Material Outside Complaint Can Be Considered In Motion Relating To Contractual Forum Selection Clause

In Steiner Transocean Limited v. Efremova (3D12-2390), the Third District decided that there is no reason a motion to dismiss based upon a contractual forum selection clause should be treated differently than a motion to dismiss for improper venue. Therefore, the trial court erred in refusing to consider evidence outside the four corners of the complaint for purposes of determining the validity of the motion to dismiss.

Involuntary Dismissal Improper Before Party Rests Case

In Deutsche Bank Nat. Trust Co. v. Santiago (3D11-2805), the Third District held that it is premature to sua sponte enter an order for involuntary dismissal before the plaintiff has rested its case.

Thursday, March 7, 2013

Florida Supreme Court: Economic Loss Rule Abolished Outside Of Products Liability Cases

In Tiara Condominium Assoc. v. Marsh & McClennan Companies, Inc. (SC10-1022), the Florida Supreme Court answered a certified question from the 11th Circuit, analyzed the origins of the economic loss rule and abolished application of the rule outside of product liability cases. The court stated: "[w]e answer this question in the negative and hold that the application of the economic loss rule is limited to products liability cases."

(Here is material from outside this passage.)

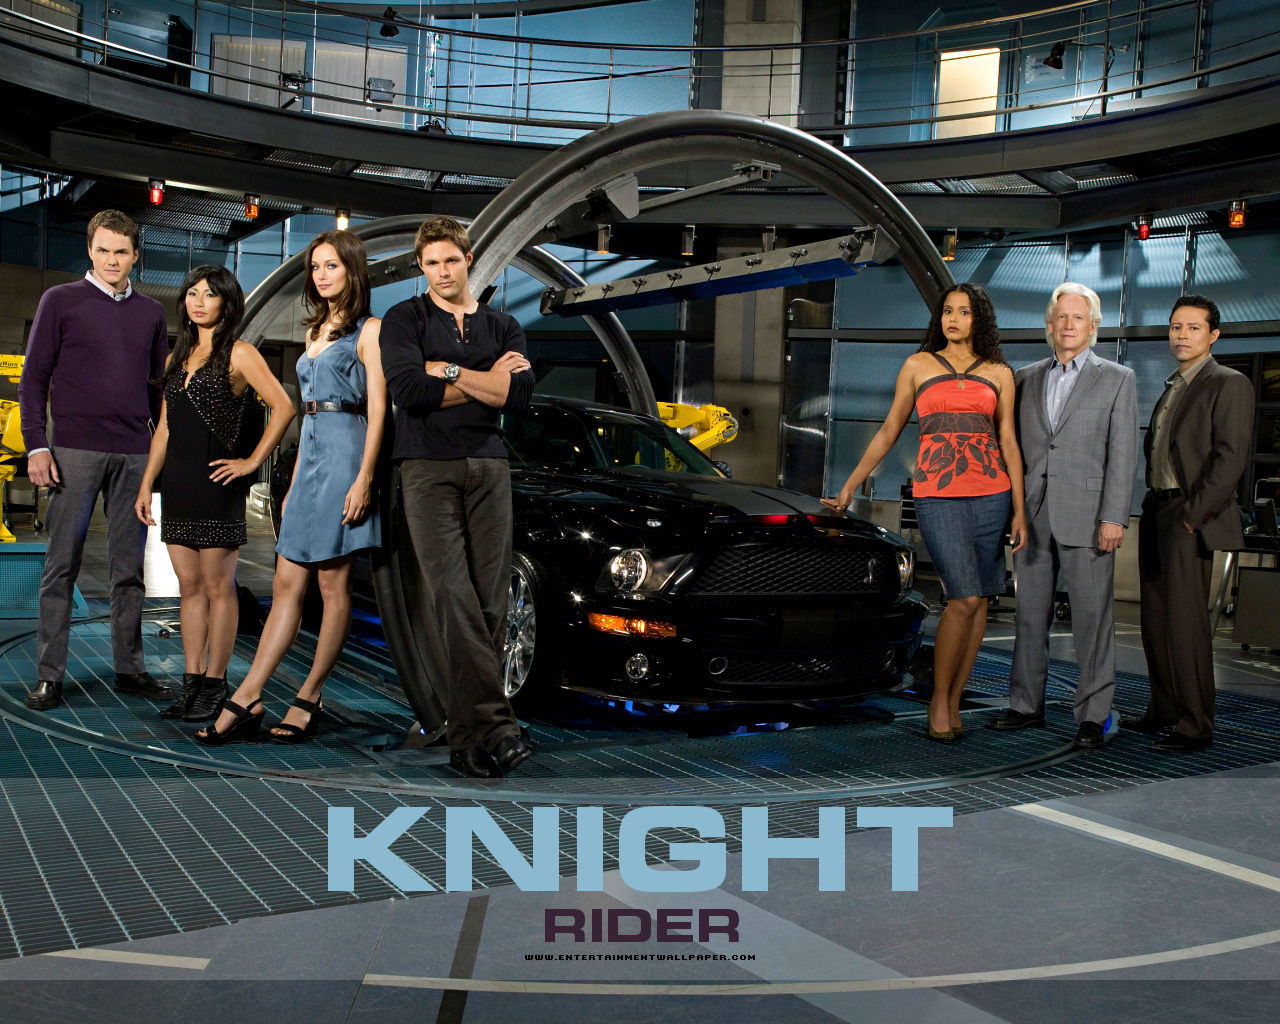 Knight Rider Wallpaper - Knight Rider New Season - HD Wallpaper

The majority opinion concluded by stating:
Having reviewed the origin and original purpose of the economic loss rule, and what has been described as the unprincipled extension of the rule, we now take this final step and hold that the economic loss rule applies only in the products liability context. We thus recede from our prior rulings to the extent that they have applied the economic loss rule to cases other than products liability. The Court will depart from precedent as it does here “when such departure is ‘necessary to vindicate other principles of law or to remedy continued injustice.’ ” Allstate Indem. Co. v. Ruiz, 899 So. 2d 1121, 1131 (Fla. 2005) (quoting Haag v. State, 591 So. 2d 614, 618 (Fla. 1992)). Stare decisis will also yield when an established rule has proven unacceptable or unworkable in practice. See Westgate Miami Beach, Ltd. v. Newport Operating Corp., 55 So. 3d 576, 574 (Fla. 2010). Our experience with the economic loss rule over time, which led to the creation of the exceptions to the rule, now demonstrates that expansion of the rule beyond its origins was unwise and unworkable in practice. Thus, today we return the economic loss rule to its origin in products liability. 
Because we now limit the application of the economic loss rule to cases involving products liability, it is not necessary for us to decide whether the economic loss rule exception for professionals applies to insurance brokers. Based on the foregoing, we answer the rephrased certified question in the negative and hold that the application of the economic loss rule is limited to products liability cases. Having answered the rephrased certified question, we return this case to the Eleventh Circuit Court of Appeals.  
Justice Labarga wrote the opinion for the court, and was joined by Justice Pariente, Justice Lewis, Justice Quince, and Justice Perry. Justice Pariente wrote a concurring opinion that begins on page 19 of the .pdf and was joined by Justice Lewis and Justice Labarga. Chief Justice Polston wrote a dissenting opinion  that begins on page 26 of the .pdf and was joined by Justice Canady. Justice Canady wrote a dissenting opinion that begins on page 28 of the .pdf and was joined by Chief Justice Polston.